Nouvelle chronique littéraire, aujourd’hui je vous apporte un peu de soleil et de bonhomie, dans un écrin de littérature africaine et policière ^^ Les enquêtes de Mma Ramotswe est une série policière écrite par Alexander McCall Smith (un auteur écossais né et élevé à Bulawayo au Zimbabwe) à partir de 1998, et qui compte aujourd’hui 18 tomes. Les différentes intrigues se passent au Botswana (le pays juste au-dessus de l’Afrique du Sud, le Zimbabwe est à sa frontière est). La série a été adaptée à la télé de 2008 à 2009, 2011 pour la France sur Arte. Le livre que j’ai (grâce à ma p’tite Maman ❤ ) est une compilation des 3 premiers tomes, mais je ne vous parlerai ici que du premier 🙂

Résumé : Divorcée d’un mari trompettiste porté sur la bouteille, Precious Ramotswe est bien décidée à ne plus céder aux mirages de l’amour !
J.L.B. Matekoni, gentleman garagiste, lui fait pourtant les yeux doux mais l’inénarrable  » Mma  » a un projet en tête… Un beau jour, elle se jette à l’eau et ouvre à Gaborone, capitale du Botswana, son pays bien-aimé, la première agence de détectives strictement au féminin.
En compagnie de son assistante, Mma Makutsi, elle déclare la guerre aux maris en fuite et aux escrocs sans vergogne. Ne reculant devant aucun danger, elle s’attaquera même à la sorcellerie, le grand tabou de l’Afrique.
Mma Ramotswe mène ses enquêtes tambour battant, sous les yeux de son soupirant favori… et pour notre plus grand plaisir.

Mon avis : 

J’ai un gros coup de coeur pour la couverte, tout comme j’aime, quasiment assortie au blog quand on y regarde bien ^^ Pétante de couleurs, péchue, pleine de farniente et de vie, à l’image de Mma Ramotswe et de ses enquêtes. On ne dirait pas du tout une détective vue comme ça, mais à vrai dire, les enquêtes policières ne sont qu’un cadre, le plus important dans ce livre ce sont les relations humaines, les valeurs traditionnelles du Botswana, ou la réflexion sur la modernité. Je n’ai lu que peu de romans qui se déroulaient en Afrique, et je ne compte pas les aventures d’Allan Quatermain, qui sont écrites en d’autres temps et autres moeurs racistes. Mais à chaque fois, j’ai été frappée par l’atmosphère particulière qui s’en dégageait, une sorte de simplicité, pas au sens de la stupidité, bien au contraire ! Un bon sens et une façon d’accueillir la vie sans se prendre la tête, dans les bons moments comme dans les mauvais ; le fait de revenir aux choses essentielles. De quoi en prendre de la graine pour une angoissée chronique comme moi 😀

Dans ce premier tome, on ne suit pas une seule grosse enquête, comme je vous l’ai dit, c’est davantage un cadre policier. Chaque chapitre correspond à une enquête de l’improbable détective, pas très longue, mais néanmoins riche en évènements, en réflexions et en originalité, en puisant dans la culture du Botswana. Parfois, d’un chapitre à l’autre on retrouve une enquête déjà évoquée, je pense à celle du petit garçon. Et d’ailleurs, celle-ci m’a beaucoup surprise ! Je veux dire, le chapitre qui l’introduisait finissait sur une note tellement plus sombre que tout le reste du livre, j’ai été très surprise, on aurait dit que des pages de Maxime Chattam ou de Stephen King s’étaient glissées dans le livre sans que je ne m’en aperçoive ! Tellement surprise que je n’ai pas pu m’empêcher de rire en fait 😀 Mais le livre entier est une cure de tranquillité.

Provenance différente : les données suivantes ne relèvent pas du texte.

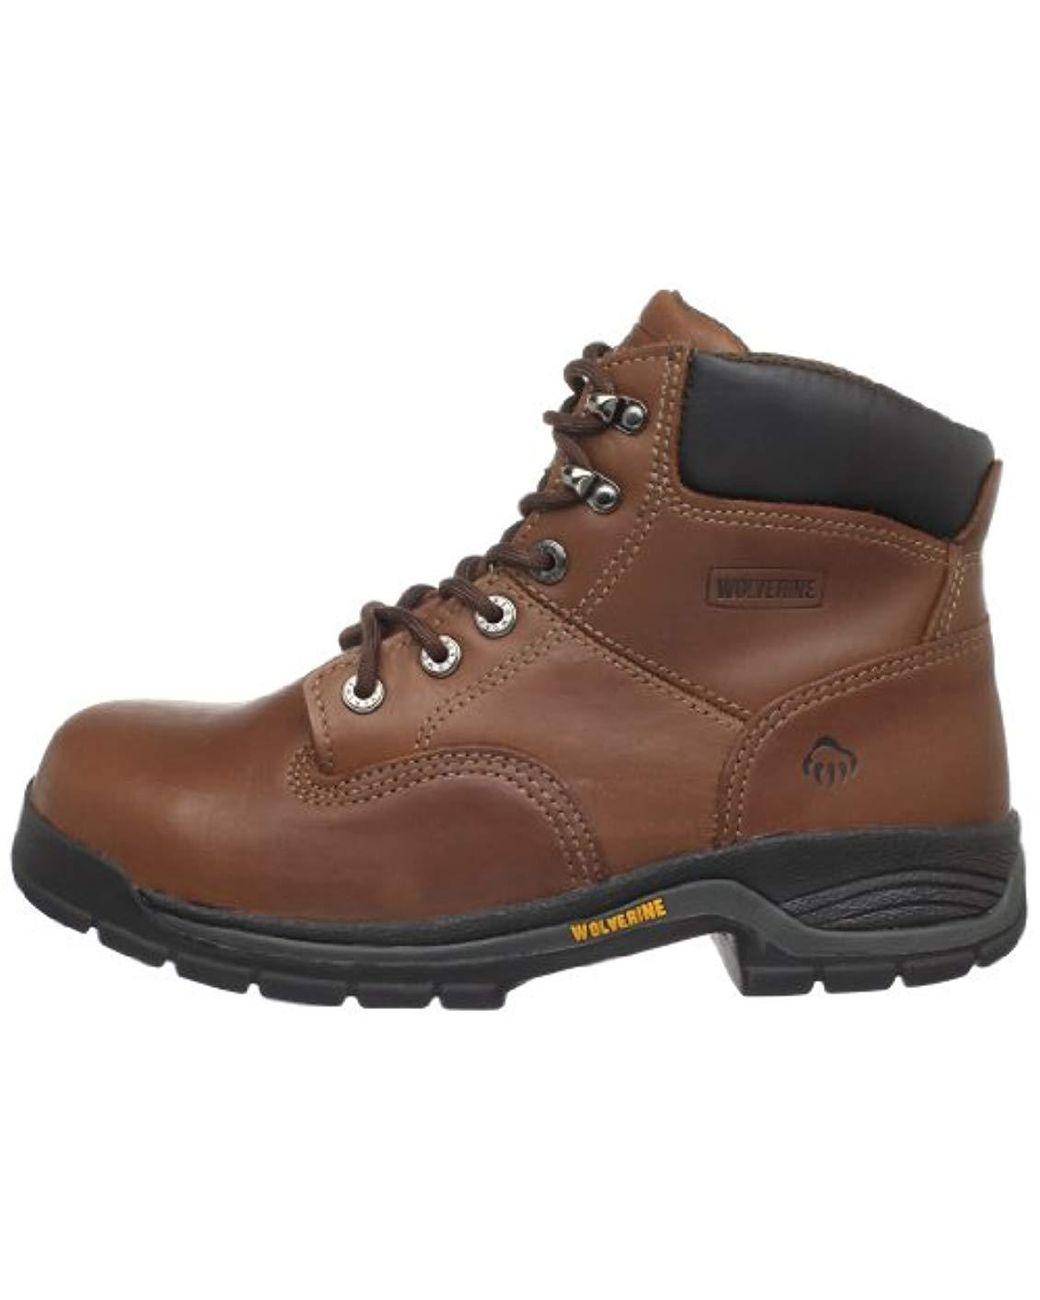 b70eba2f293 Wolverine Harrison W04904 Work Boot,brown Leather,9 Ew Us in Brown ...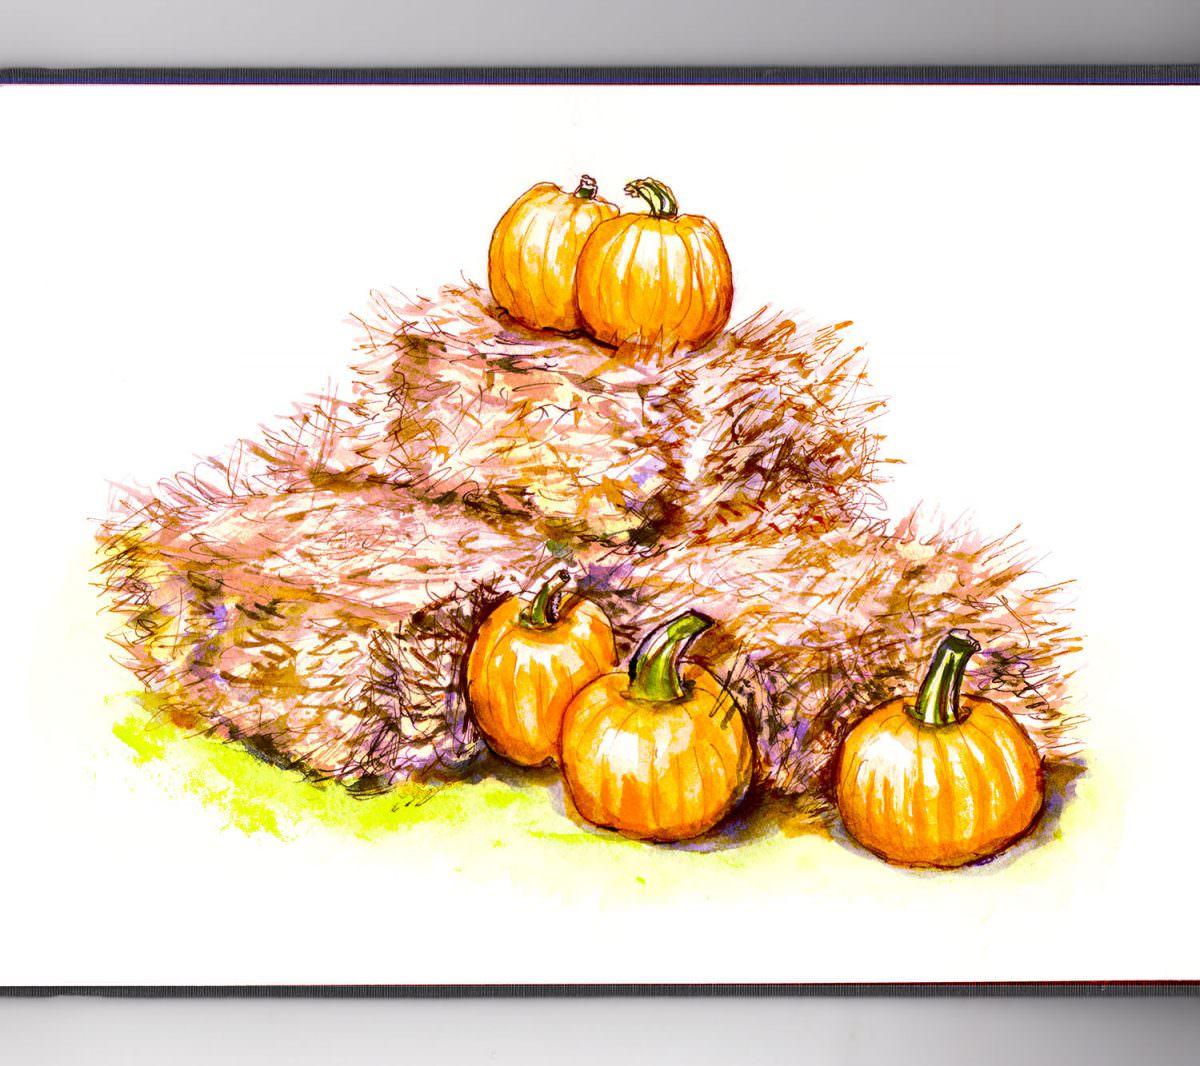 #WorldWatercolorGroup - Day 4 _ Pumpkins In The Hay Watercolor - Doodlewash

Mma Ramotswe est un sacré bout de femme, la tête sur les épaules et les pieds sur terre, elle a un regard franc sur les choses et les gens. La décision d’ouvrir une agence de détectives semble irréfléchie et le fruit d’un coup de tête, et pourtant ! Malgré ses doutes et la nouveauté incroyable de la démarche, elle tient bon envers et contre tout. La place des femmes dans le livre est une des choses qui m’a le plus marquée : tout le monde accepte et même félicite Mma Ramotswe pour son initiative, dont le pays avait bien besoin (même si l’agence est minuscule), et beaucoup de personnes s’accordent à dire que les femmes ont plus d’observation que les hommes ; mais d’un autre côté, la place des femmes est encore à la maison quand elle est mariée, et on trouve encore pas mal de caractères assez machistes. C’est un mélange vraiment très curieux, doux-amer. La modernité permet aux femmes de s’émanciper, mais les valeurs perdurent, sans qu’il y ait un jugement véritablement bon ou mauvais dessus.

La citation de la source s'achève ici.